Multimodal features: video tips, sketches, and audio analysis
Google is pitching Gemini 3 Flash as better at identifying and responding to multimodal content. Examples cited include uploading a short video—such as a pickleball clip—and asking for tips, sketching a drawing and having the model guess what it is, or uploading an audio recording for analysis or quiz generation.
Those scenarios underscore where consumer AI is headed: not only answering questions, but interpreting the user’s world through media inputs. If Gemini 3 Flash can deliver those experiences quickly and reliably, it becomes a practical assistant rather than a novelty—especially when embedded into an app people already use.
Search implications: faster AI answers, broader adoption
By making Gemini 3 Flash the default in AI Mode in Search, Google is effectively betting that speed and cost efficiency are essential to scaling AI-generated results. Search is a high-volume product; even small increases in latency can degrade user experience, and compute-heavy models can become expensive at scale.

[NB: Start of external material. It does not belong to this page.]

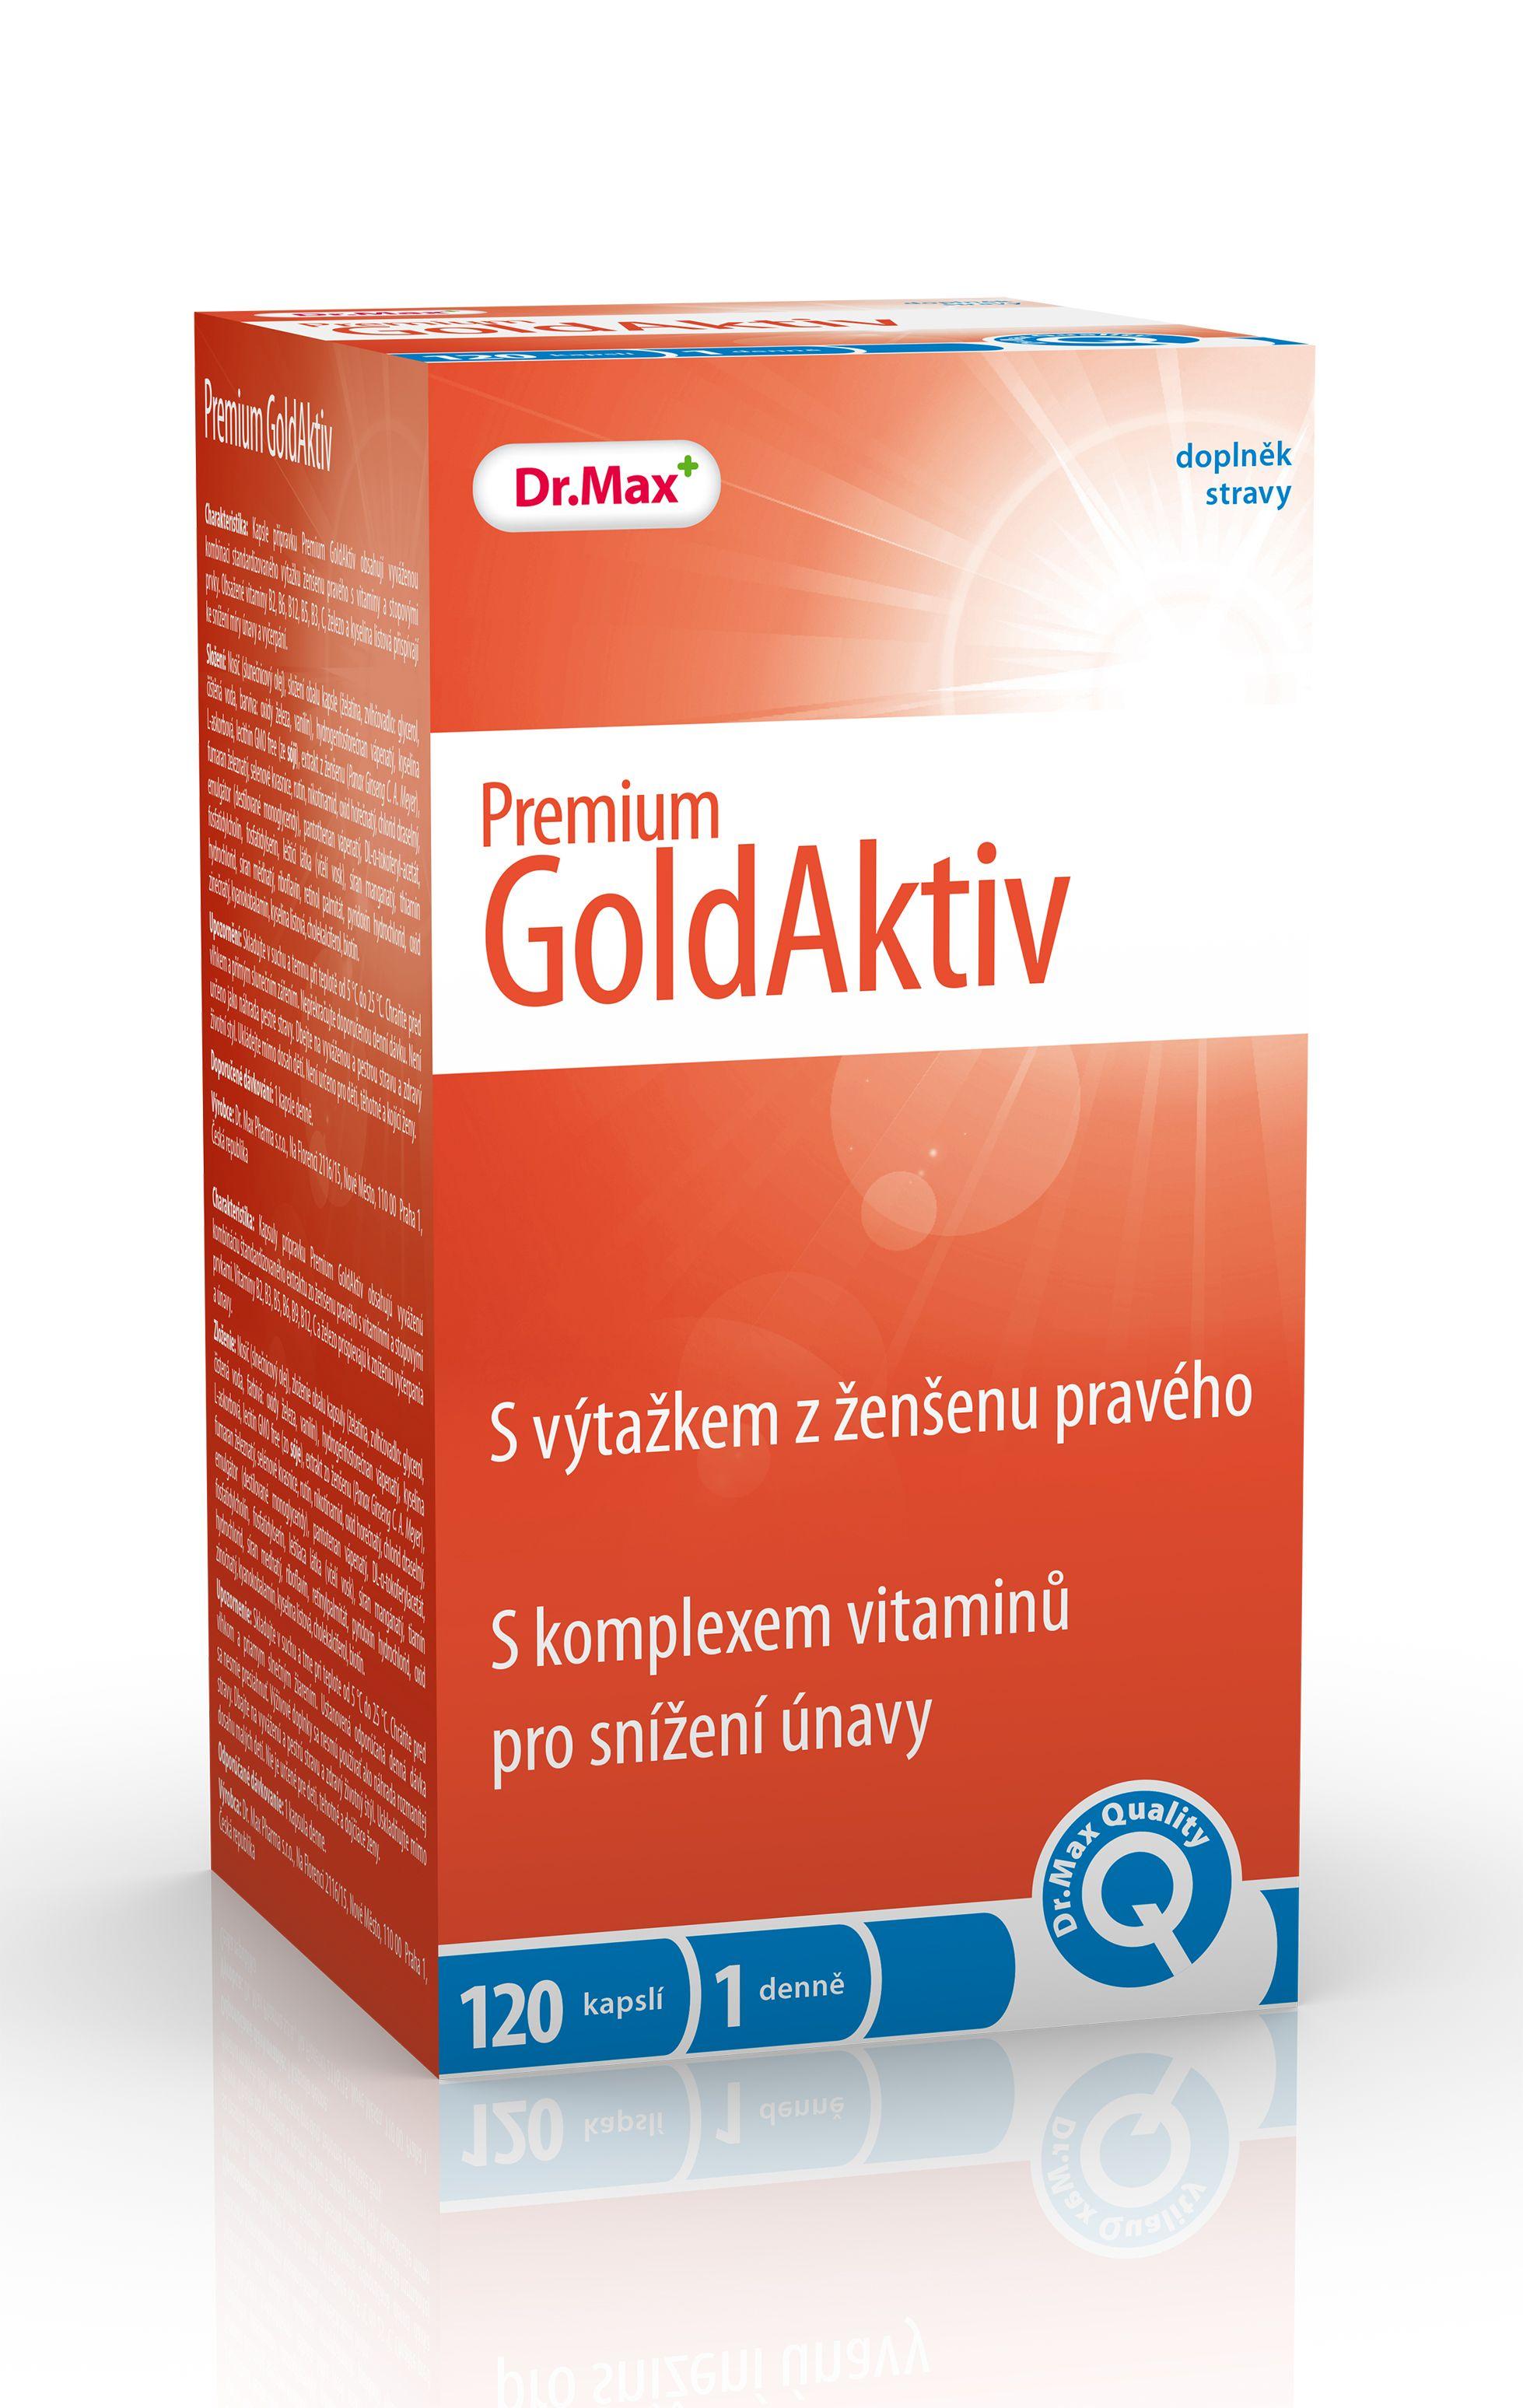 Dr.Max Premium GoldAktiv cps.100+20

Google also said the model better understands the intent behind queries and can generate more visual answers using elements like images and tables. If that capability becomes common in AI Mode, it could shift how users interact with results—moving from link-first browsing toward more structured, synthesized responses, especially for how-to queries, comparisons, and information lookups.
Competitive context: pressure from frontier models
The timing and positioning suggest a competitive response to rapid iteration from rivals. Google’s benchmark comparisons explicitly reference GPT-5.2 and its own Gemini 3 Pro, framing Gemini 3 Flash as capable enough to be the default while still approaching frontier performance in certain measures.
For consumers, the practical question is whether “fast and cheap” comes with noticeable trade-offs. Google’s decision to keep Pro available for math and coding implies that, for complex tasks, the company expects some users will still prefer a more powerful model. But for everyday use—summaries, explanations, media understanding, and quick reasoning—Google is signaling that Flash is now good enough to represent the Gemini brand by default.
With Gemini 3 Flash now set as the standard experience in the Gemini app and AI Mode in Search, Google is pushing its latest AI model into the places where users ask questions most—turning model upgrades into an immediate, mainstream product change rather than a niche feature for enthusiasts.